MDL spokesman John Pitman says while there's no imminent threat of the Maui pipeline failing, the most recent studies have made it obvious the work needs to be done now to protect it.


The Maui Pipeline 

The Maui pipeline is a 307km high-pressure gas pipeline that runs from Oaonui to the Huntly Power Station. It went into operation in 1977, and has capacity to deliver 120 petajoules of gas a year.

The pipeline is owned by Maui Development on behalf of the joint venture that owns the Maui gasfield. The technical operator is Vector Gas.

Vector also owns several high-pressure gas pipelines that are directly connected to the Maui pipeline and which are used to supply major industrial plants, dairy factories and power stations throughout the upper North Island.

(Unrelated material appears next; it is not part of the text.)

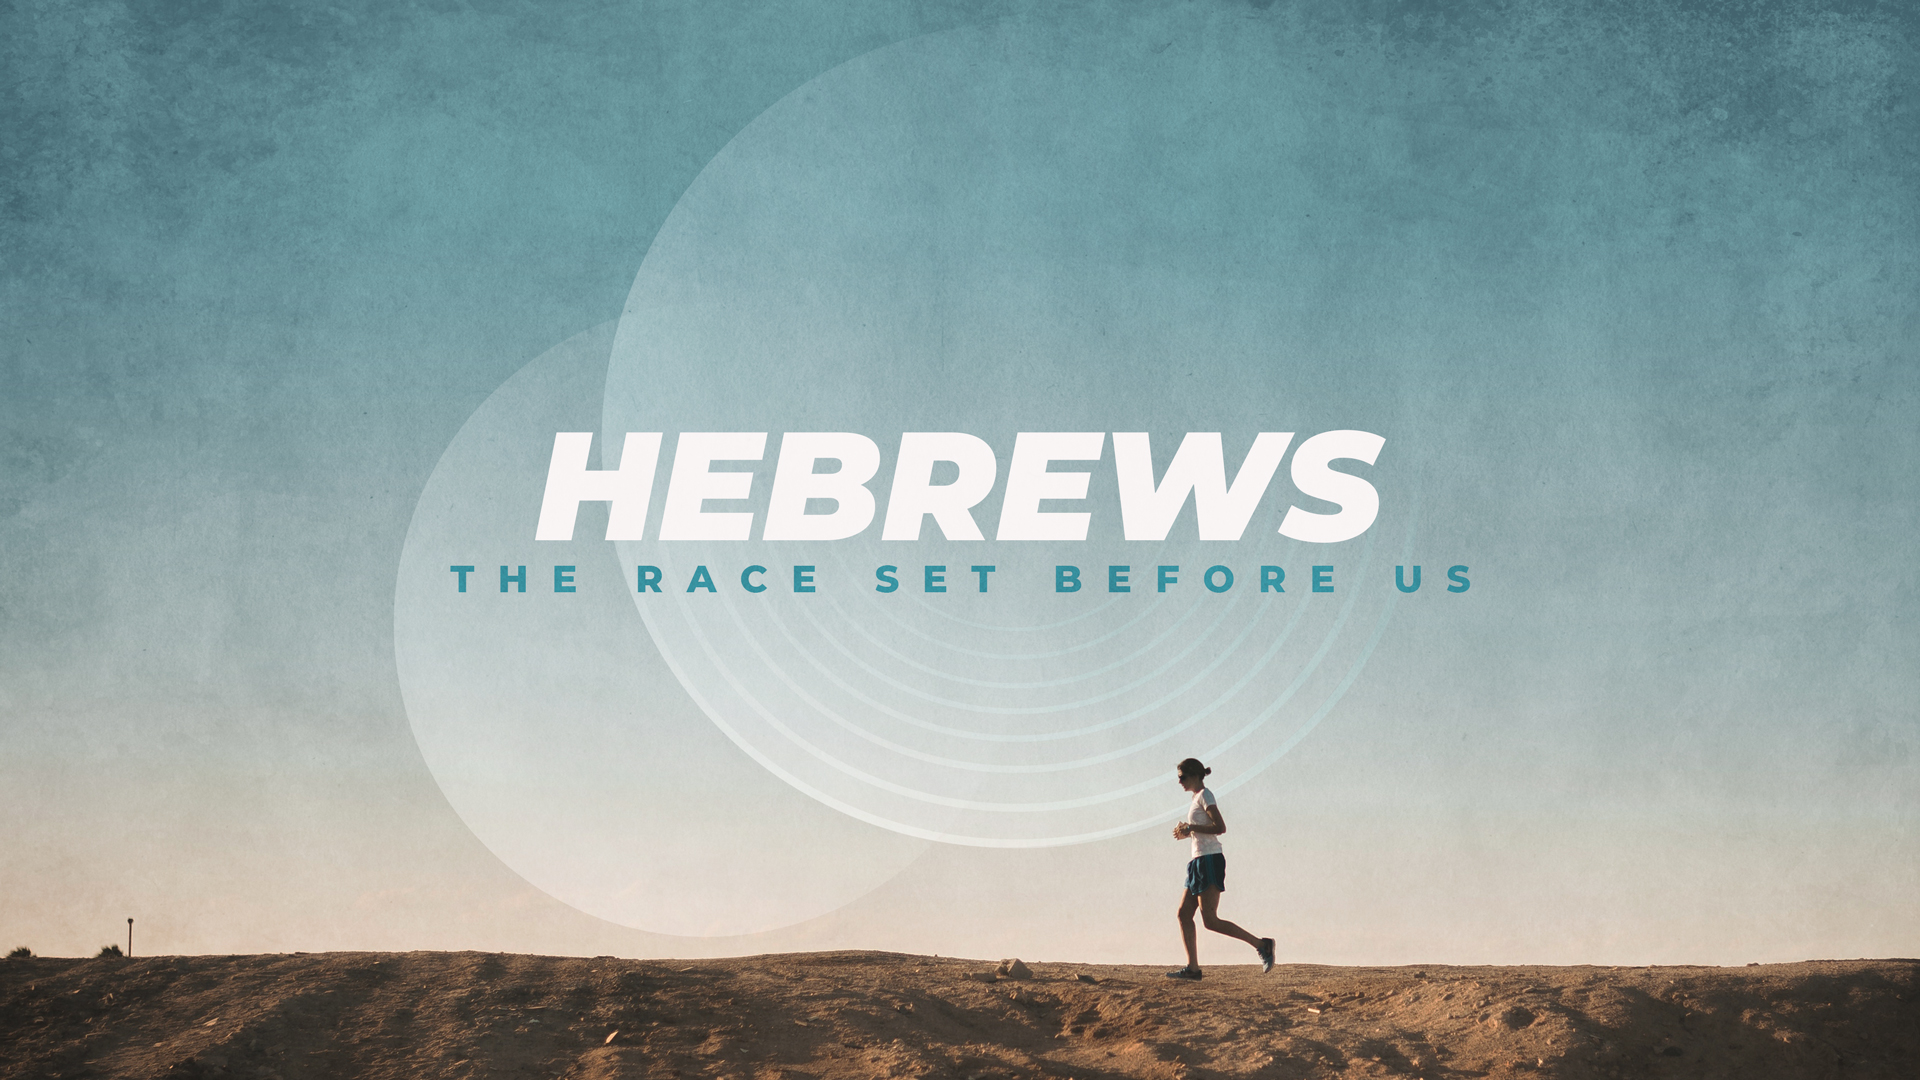 Hebrews the Race Set Before Us graphic with a person running in the background

The gas also goes into several low-pressure lines that distribute it to Auckland, Hamilton, Whangarei, Tauranga, Rotorua, Taupo, Gisborne and many other smaller towns. There, the gas is supplied to thousands of homes, businesses and essential services such as hospitals.

The Maui pipeline was originally built to supply gas from the Maui field to points nominated by the Crown. However since 2005 it has been operated as an Open Access pipeline and now carries gas from different Taranaki gas fields. There are currently 12 different parties who ship their gas through the line.

If the Maui line failed, the Vector line would not be capable of carrying anywhere near the gas required for normal operations throughout the upper North Island.

30 More Years? 

The Maui pipeline is the backbone of New Zealand's gas transmission system.

Current natural gas sources look sufficient to maintain flows through the line to industrial and domestic markets for at least another 20 years. If local gas supplies did fall and LNG (liquefied natural gas) had to be imported, the Maui line would most likely be used to transmit this imported gas.

Therefore, given the latest gas supply forecast, the minimum desired asset life for the Maui line is a further 30 years.

Past 30 years there is less certainty about gas supply but it is prudent to assume demand for the Maui line will continue for as long as it is economical to maintain it.